Nadine Fladd, an EMiC doctoral fellow at the University of Western Ontario, is in the midst of writing her dissertation. Her project, “Transnational Conversations: The New Yorker and Canadian Short Story Writers,” explores Canadian short-story writers’ relationships with their editors at The New Yorker magazine. Nadine focusses on the publication histories of stories by Morley Callaghan, Mavis Gallant, and Alice Munro in the esteemed American institution.
In delineating these authors’ relationships to editors, publishing institutions, and discourses of nationalism, Nadine hopes to reveal the implications of the changing relations of literary production between Canada and the United States throughout the twentieth century. In particular, she is interested in examining the development of the Canadian short story, and the influence Callaghan, Gallant, and Munro had both on the celebrated and geographically specific publication The New Yorker, and on American letters more generally.
The most difficult challenge Nadine has faced so far has been tracking down and accessing the archival materials necessary for the completion of her project. In order to complete her research, Nadine consulted archives in Toronto, Ottawa, New York, and Calgary. While she has enjoyed travelling to the various cities, her project would have moved more quickly — and been less expensive to complete — if she had been able to access the archival materials digitally from her home institution.
Having completed rough drafts of all of the chapters in her dissertation, Nadine is currently working on revisions so that she can submit her dissertation. Time seems to be her biggest obstacle at this point: right now, Nadine must schedule her revision work around her full teaching load and commuting between Laurentian University’s Barrie campus and Humber College in Toronto.

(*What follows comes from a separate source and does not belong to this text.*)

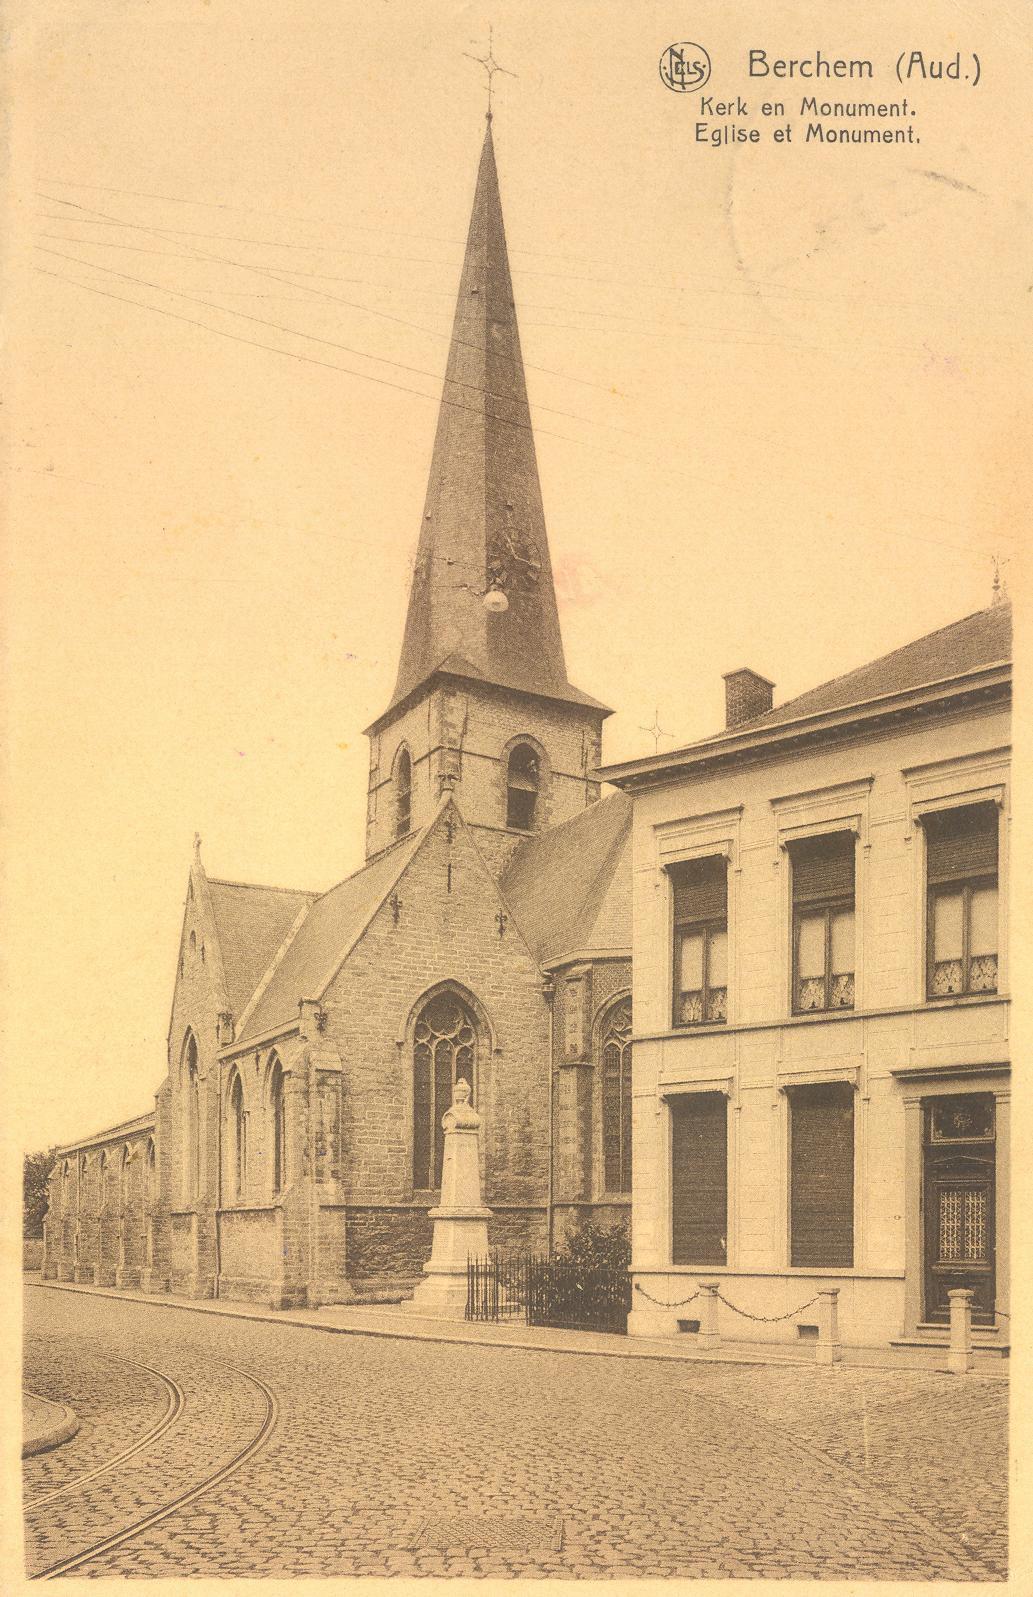 EK 112 Berchem  kerk monument 1914-18.JPG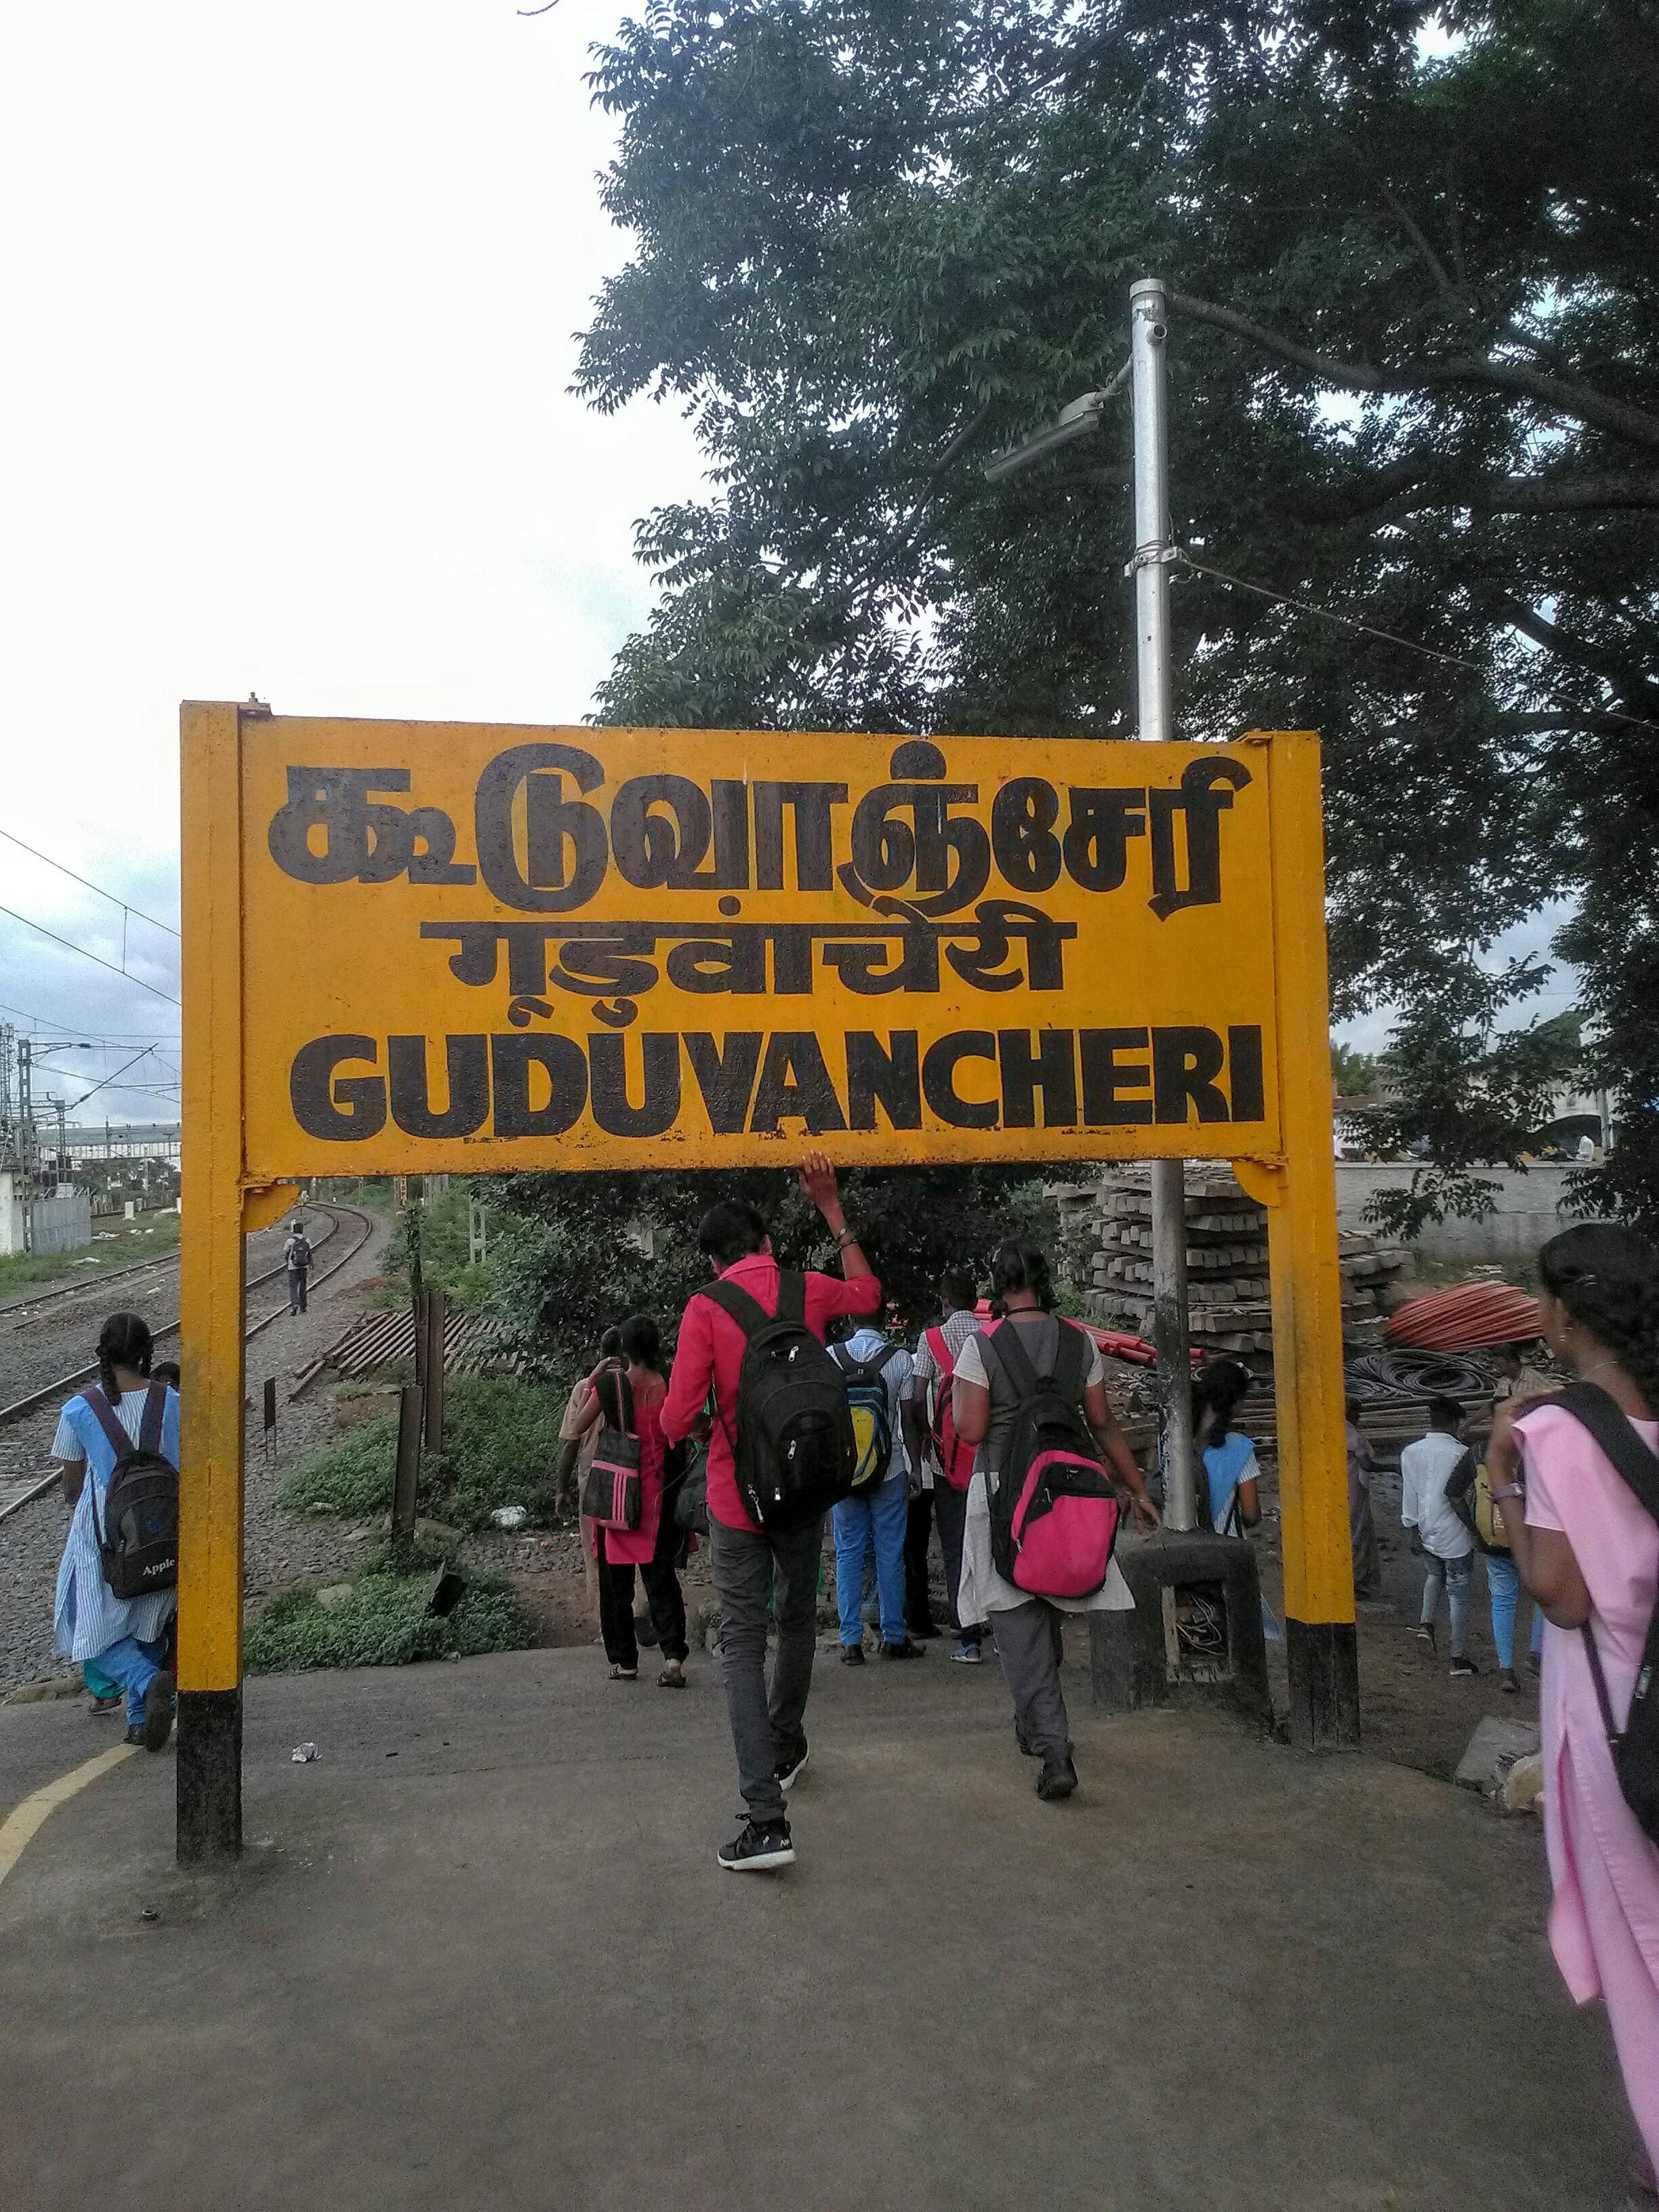 Guduvancheri railway station - Wikipedia

Over its development, and thanks in part to the influence of EMiC events such as the Exile’s Return Colloquium in Paris this past summer, Nadine has shifted the focus of her project. Originally, she envisioned her project as being concerned primarily with issues of nation and national identity in both Canada and the United States. As her archival research progressed, however, Nadine’s project became much more focussed on textual studies. Both her Munro and Callaghan chapters focus on issues of collaboration, reception, and revision more than they focus on nation and nationalism, which were her planned foci. Instead, Nadine provides close readings for various versions of the same stories and their (different) intended audiences. In the future, Nadine would like to see the various versions of these stories available side-by-side — perhaps in a digital format — so that other scholars and students can appreciate and interpret the differences between the iterations.